UPDATE: "Well, if they throw in the Crossword Puzzle, I might consider it," writes reader Ray Eckhart, reminding me that the Times has long charged for online access to its puzzles.

The Dallas Advantage

Without being wooed by economic development officials, Fluor, the international construction firm, is moving its headquarters from Orange County to an unselected location in the Dallas area. Naturally, the move has prompted commentary suggesting that California's high taxes, abundant regulation, and expensive housing are to blame. I'm sure those costs didn't help the O.C. (which was never called that before the TV show). But the main factors seem to ones no policy change could overcome: Dallas is in the middle of the country and on Central Time. As I always say, those are the very best things about this place compared to Southern California.

Good Morning Silicon Valley

I've long enjoyed the email edition and occasionally linked to items on their site. Now John Paczkowsk's Good Morning Silicon Valley (part of San Jose Mercury News spinoff SiliconValley.com) is a full-fledged blog.

Fashion & Trade

In a piece that nicely unites wonks and fashionistas, Reason's Kerry Howley examines the fashion implications of restricting (or liberalizing) textile and apparel trade, especially with China. Here's the beginning:

No sane person considers Washington D.C. to be fashion-forward, but trend watchers should take note: The capital is gearing up to decide what the rest of us will be wearing next season.
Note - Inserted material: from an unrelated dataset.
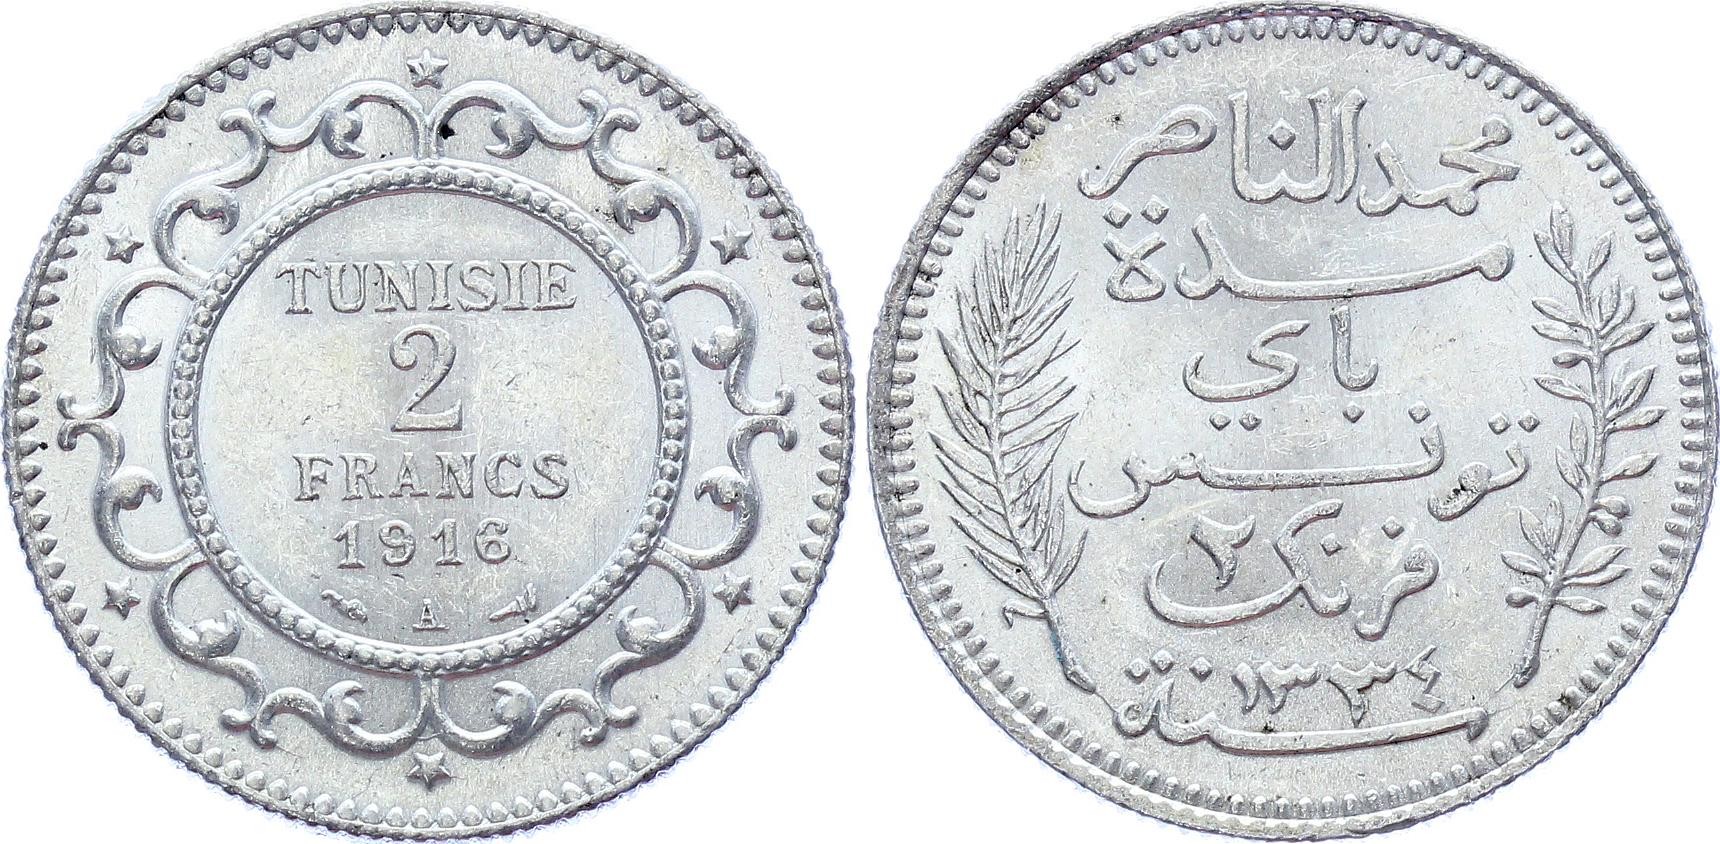 Tunisia 2 Francs 1916 A

We may not all be forced into bowties or pantsuits, but a congressional push to re-impose quotas on Chinese imports will determine how well, and how cheaply, America dresses. Ever since trade quotas on Chinese textile imports fell away in the U.S. and Europe on January 1, and the U.S. has been buried in a downy avalanche of cheap tees and underwear. Imports of knitted shirts are up 1,250 percent this year. Cotton pants are up 1,500 percent; underwear, 300 percent. The dramatic surge in imports is an indication of just how obscenely low the old quotas were set, and how needlessly high clothing prices were. Recent studies put the cost of protectionism for the U.S. textile and apparel industry at as much as $13 billion annually.
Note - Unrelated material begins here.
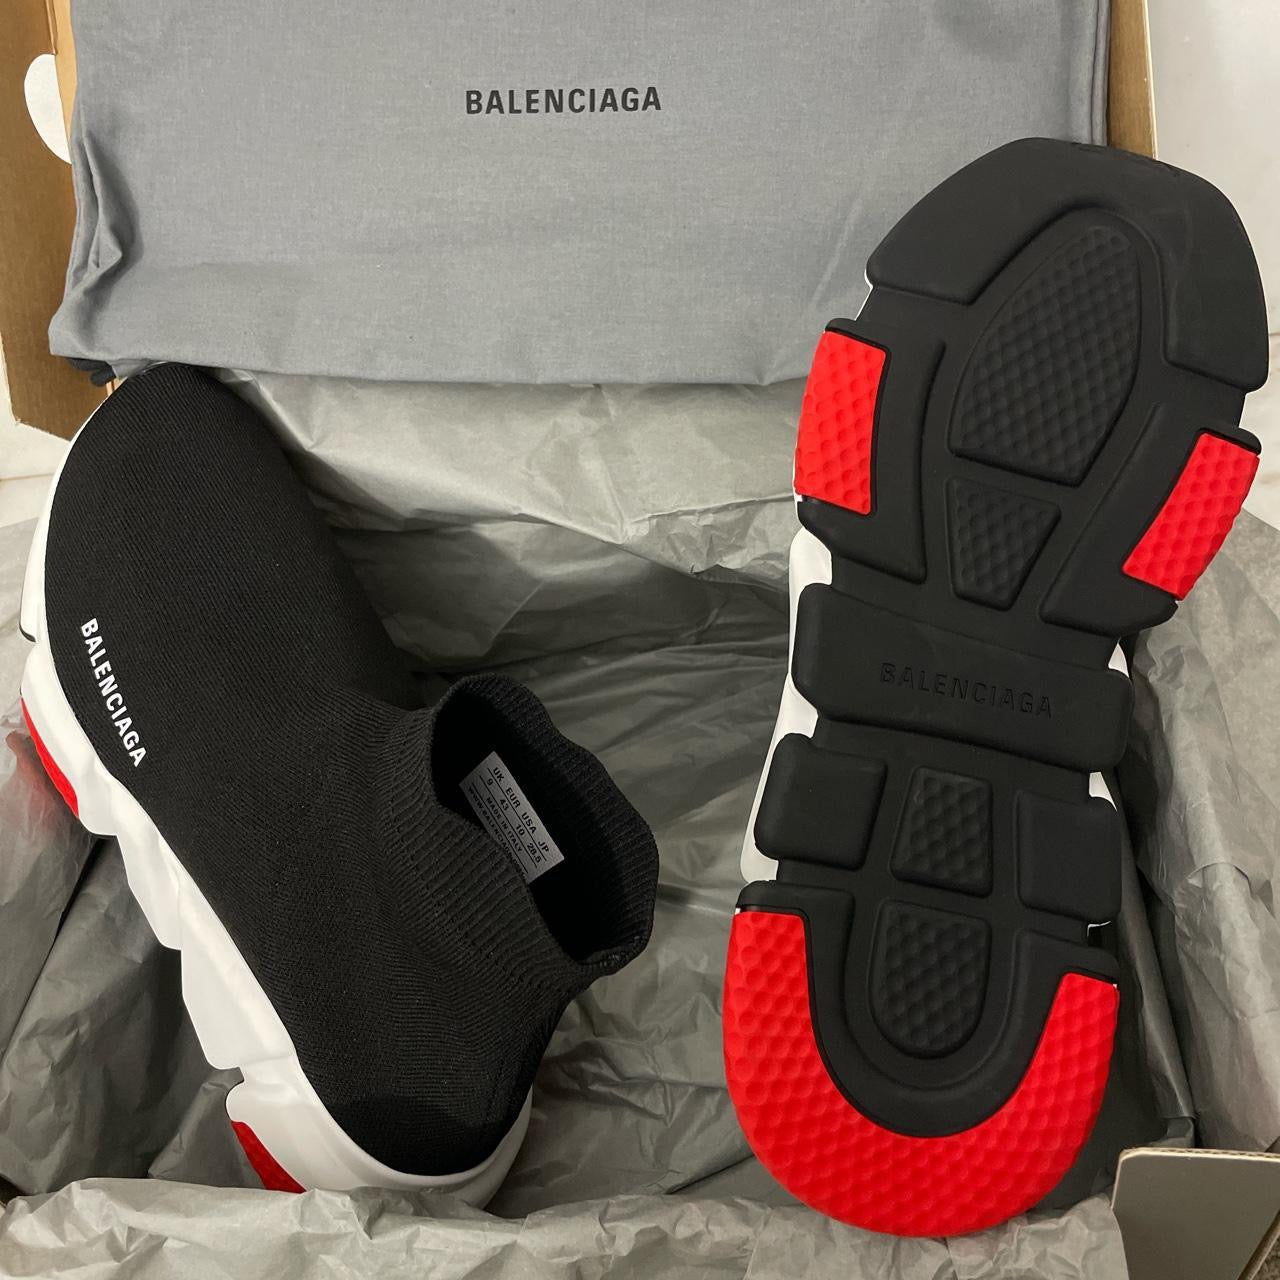 BALENCIAGA Triple S Tricolor sneakers black white red

The domestic textile industry was given ten long years to prepare for the deluge, but instead of modernizing, trade groups are legislating. With the support of the Bush administration, The U.S. Committee for the Implementation of Textile Agreements (CITA) has announced "China Safeguard Proceedings" to protect us from all Commie underwear, the first step in what will likely end with re-imposed quotas or worse. Chuck Schumer (D-N.Y.) says "it is time to bring out the big stick" and defines "stick" as 27.5 percent tariffs on all things Chinese. U.S. Trade Representative Rob Portman has promised "a tougher approach" with Beijing, as if decades of onerous quotas were an example of American largesse.
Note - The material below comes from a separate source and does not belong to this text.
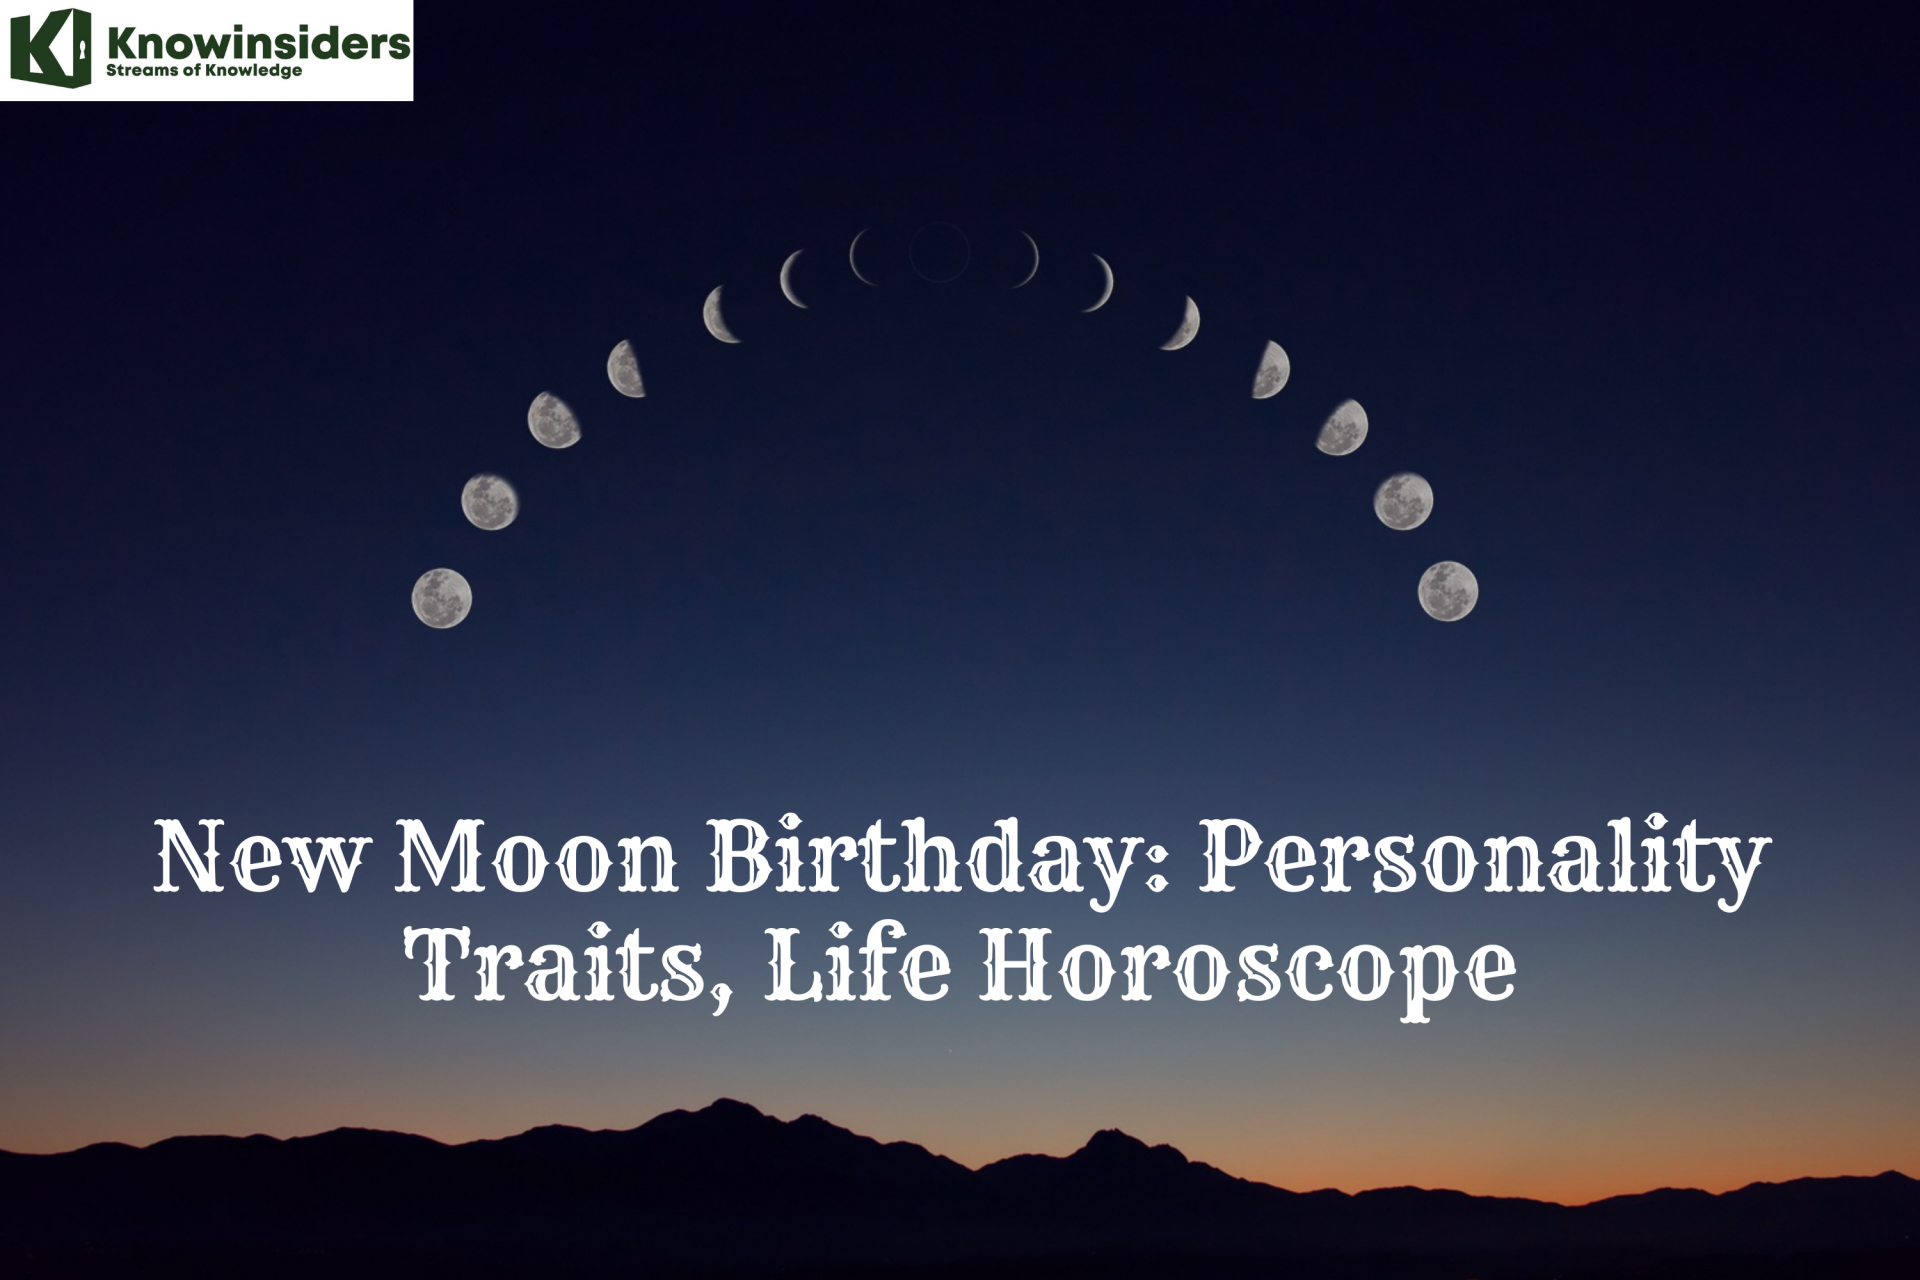 New Moon Birthday: Personality Traits, Life Horoscope

If politicians can resist the urge to stem the flow of imports, cheap Chinese clothing will create a better-dressed America and a sleeker fashion industry. Clothing prices have been falling for a decade, helped along by the rise of cheap chic a la H&M, Zara, and Forever 21. These stores have earned fat profits ripping off the work of Donna Karan, Michael Kors, Ralph Lauren and other fashion luminaries. By pumping out cheaply made imitations from the developing world, the shops have created a world of disposable fashion, letting teens stay trendy without sinking hundreds in a look that won't last. A $10 H&M camisole — likely China-made — will last about as long as the trend it's following, which is to say, a wash or two. It's not just moral depravity driving your 14-year-old to stuff her closet with trampy knock-offs; she can afford to approximate Beyonce's bling and Lil' Kim's decolletage like never before.

Read the whole thing.

LAT Online

Speaking of the LAT, the paper has wisely redesigned its website, eliminating its most annoying characteristic--subscriber-only access to the Calendar section, which includes all the LAT's arts and culture coverage. The changes are explained here. For all its flaws (see Kausfiles for running commentary), the LAT is a good newspaper that deserves a national readership. East Coast bias is hard to break down, but easy Internet access helps.